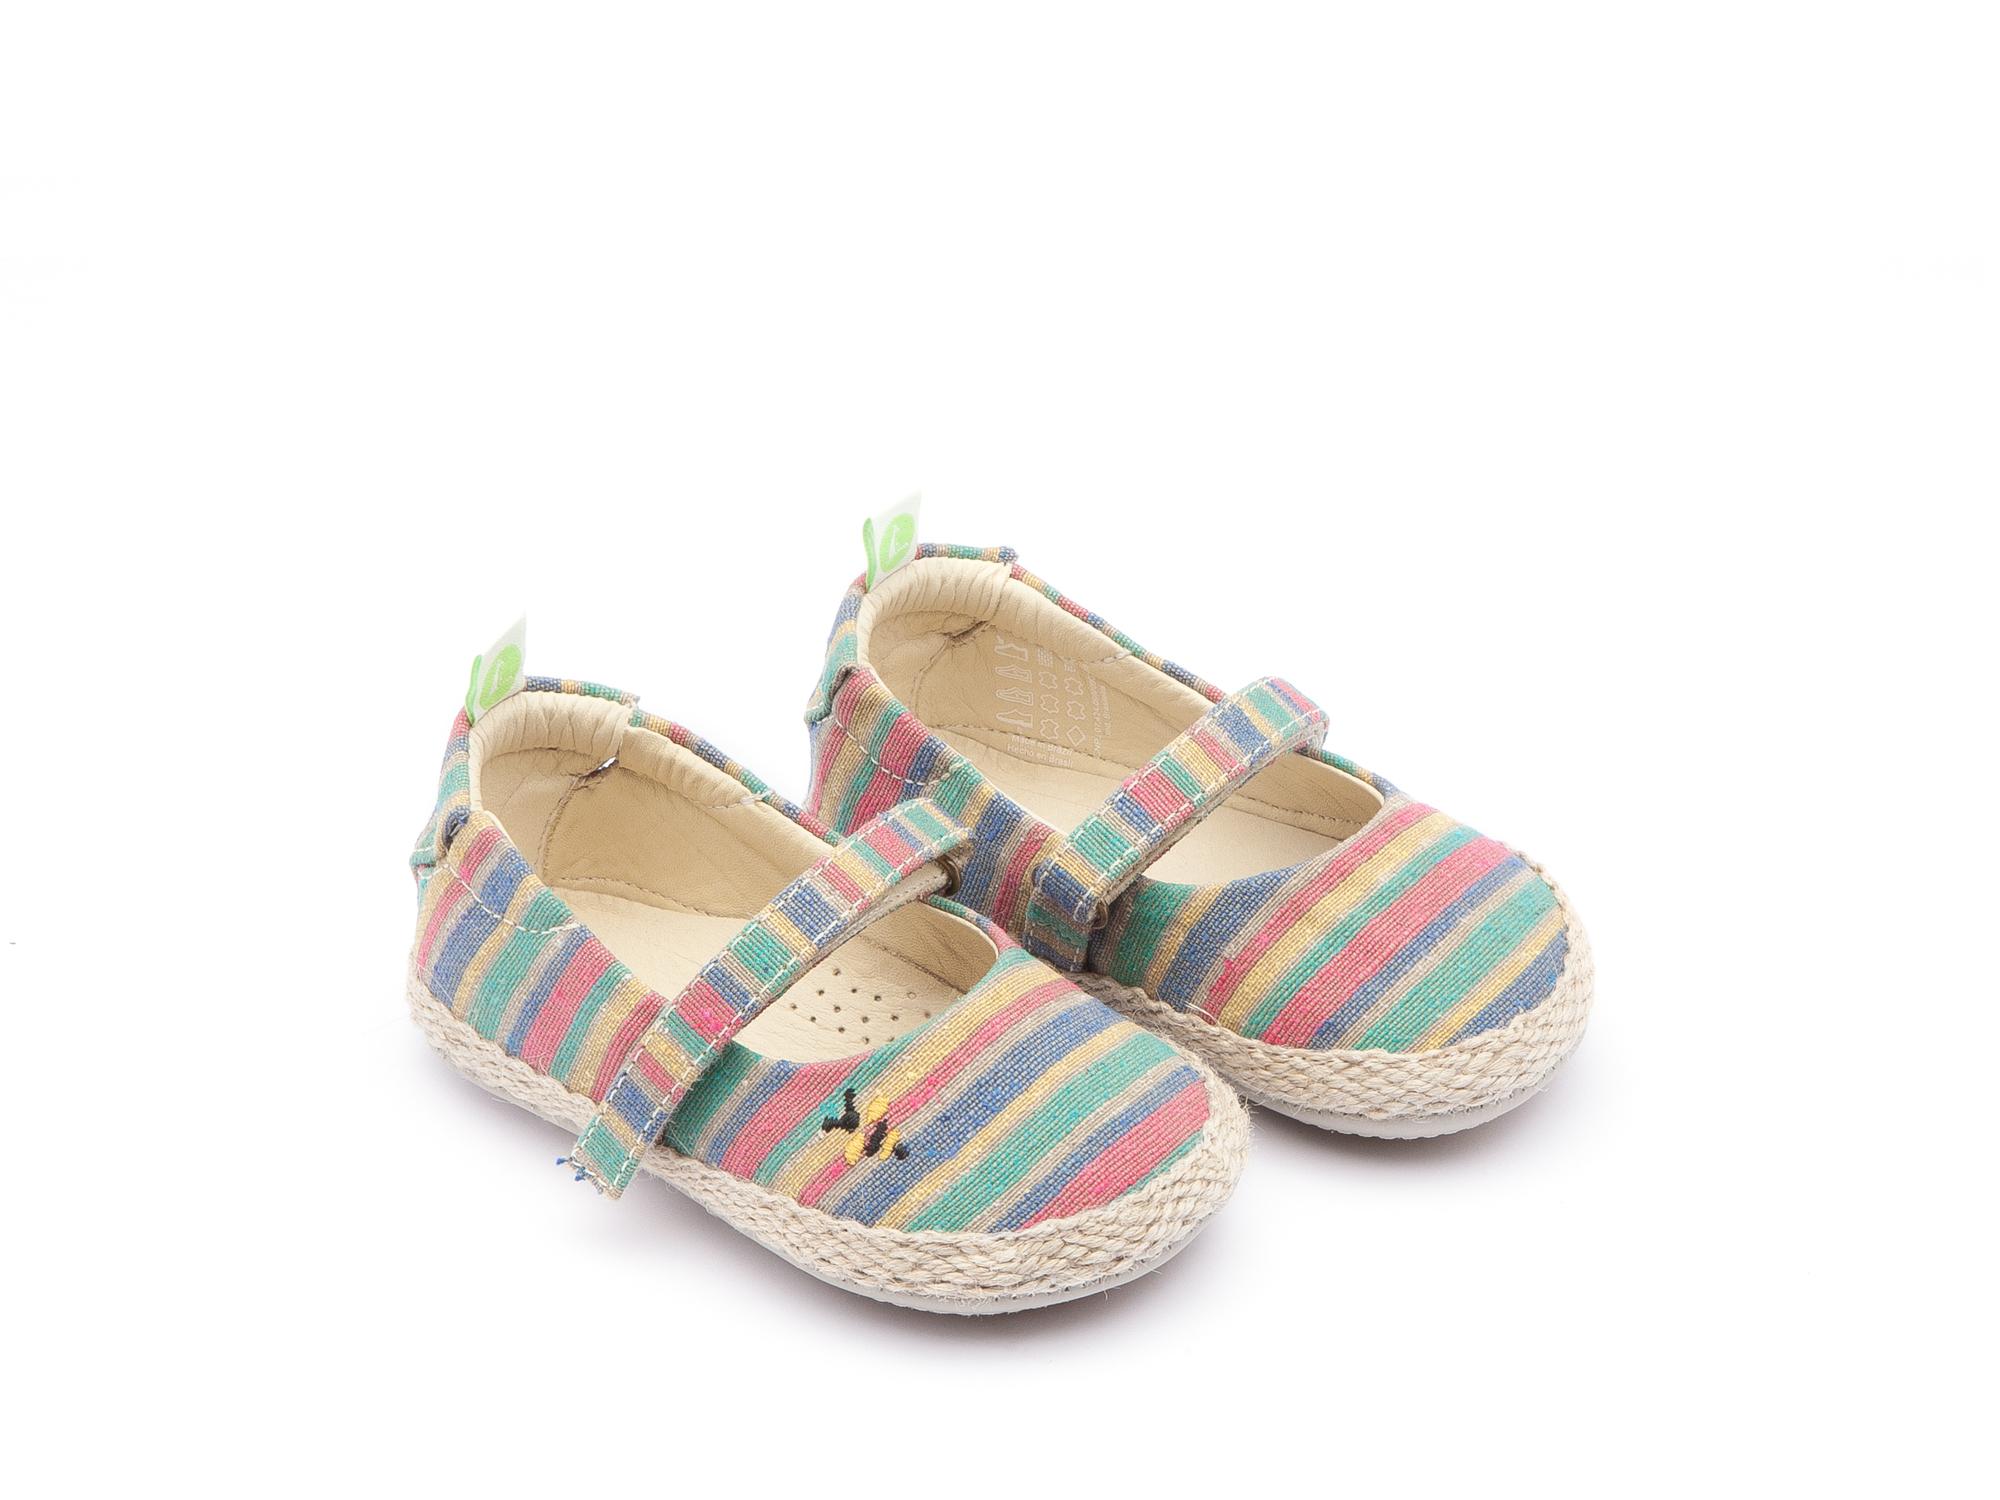 Boneca Sambaky Rainbow Canvas Beeswax Baby 0 à 2 anos - 0
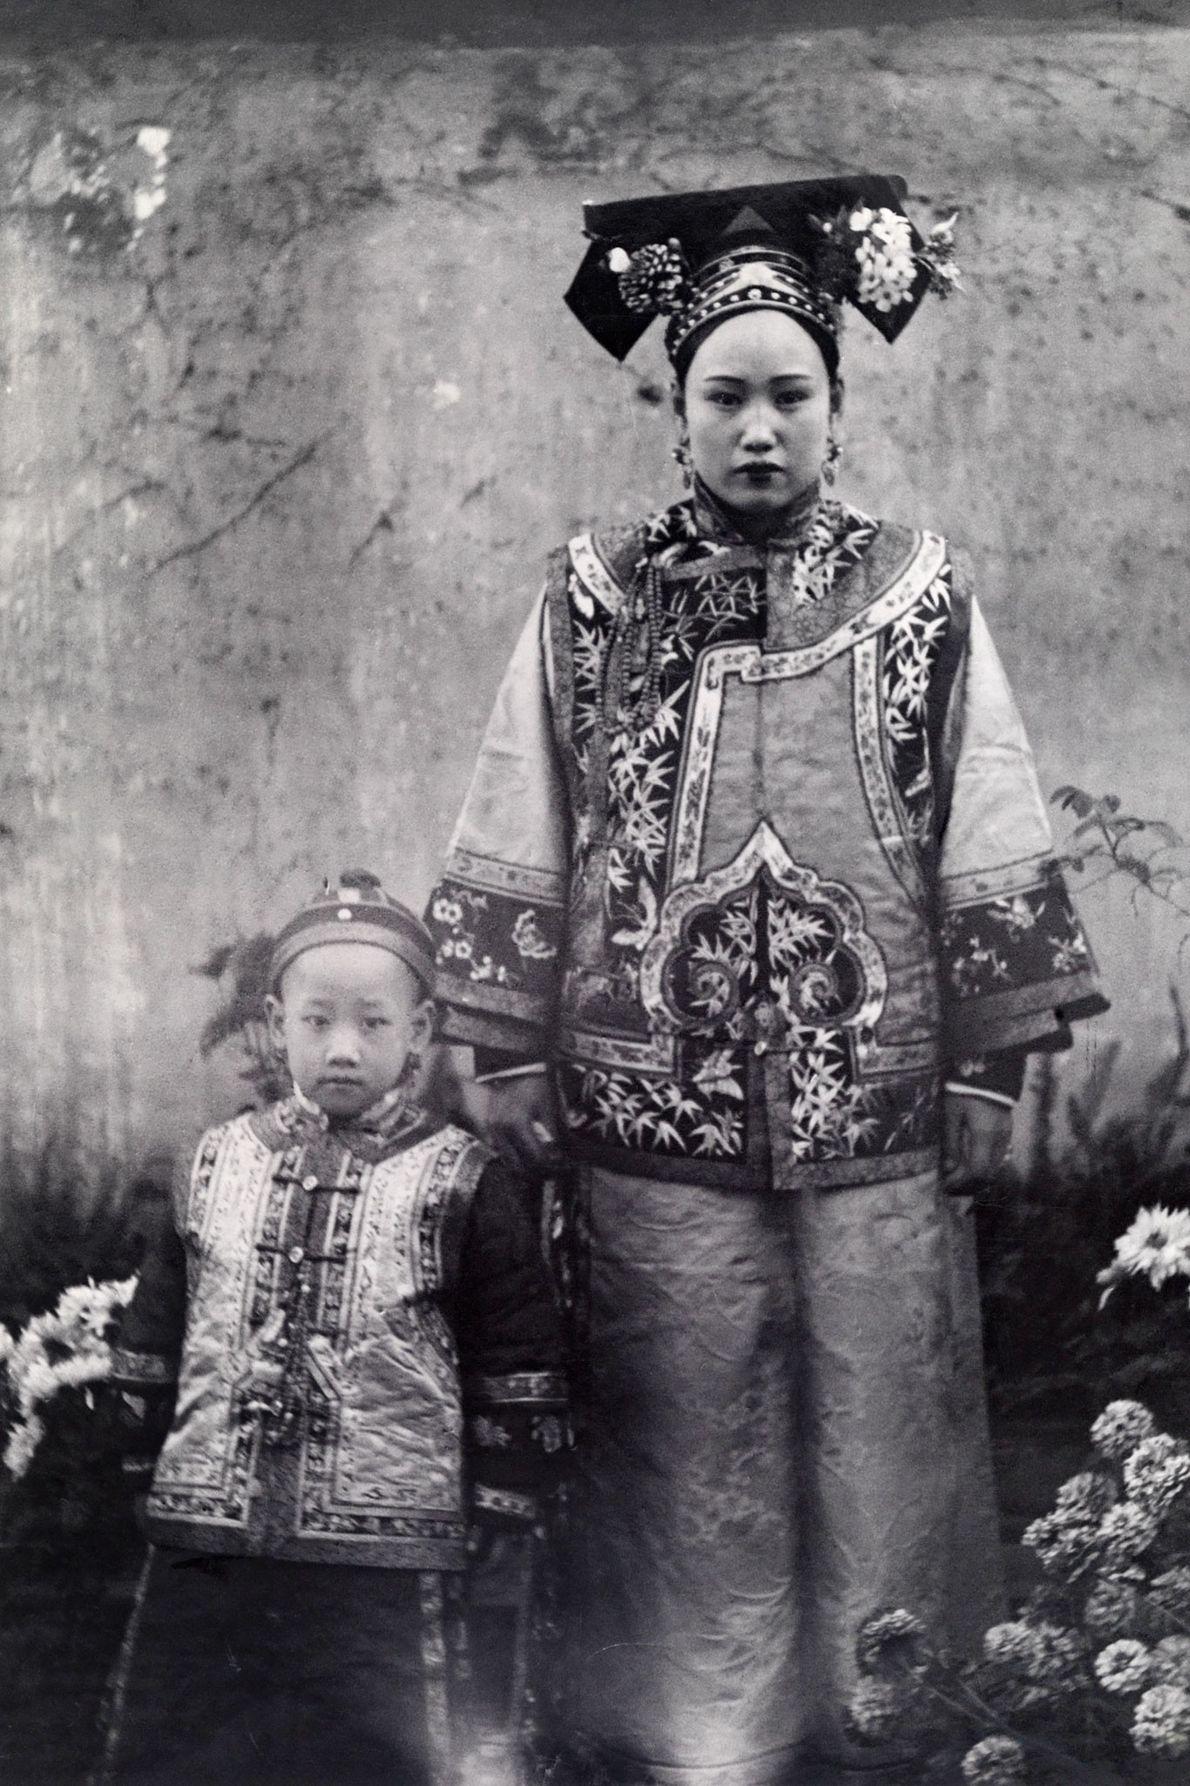 Uma mãe chinesa e a filha envergam o traje tradicional da região manchu.
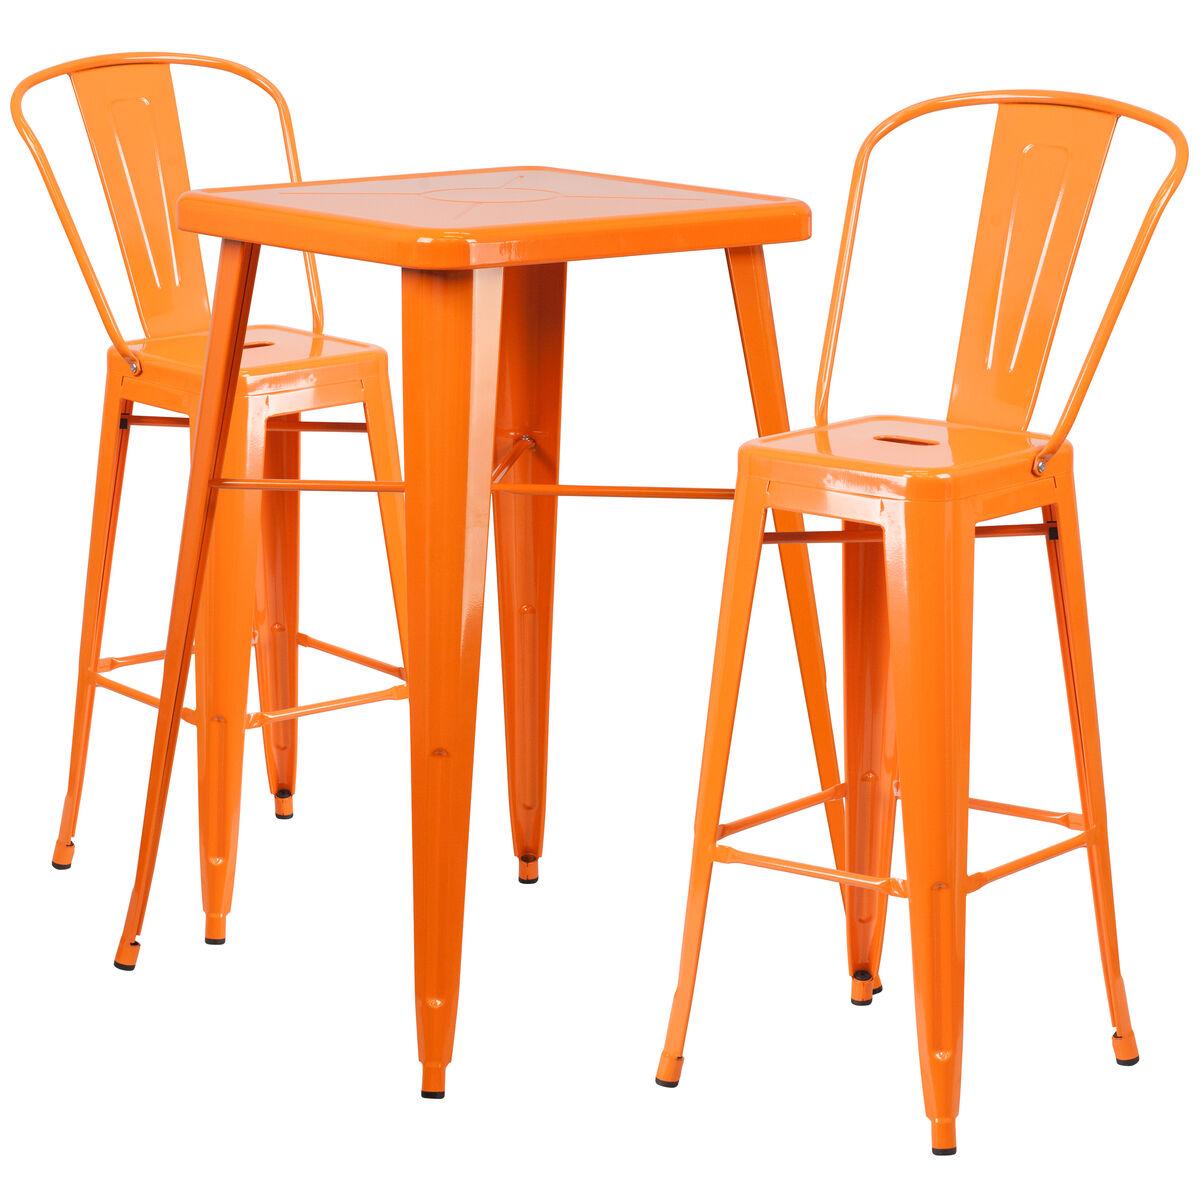 Flash Furniture 23 75 Square Orange Metal Indoor Outdoor

**WHAT YOU WILL DO**: The answer must be an exact copy of the lines from the one with "Uma mãe chinesa" through the final line above, both ends included, and nothing else; pictures stay out.

**REPLY TO THE EXERCISE**:
 Uma mãe chinesa e a filha envergam o traje tradicional da região manchu.
 Flash Furniture 23 75 Square Orange Metal Indoor Outdoor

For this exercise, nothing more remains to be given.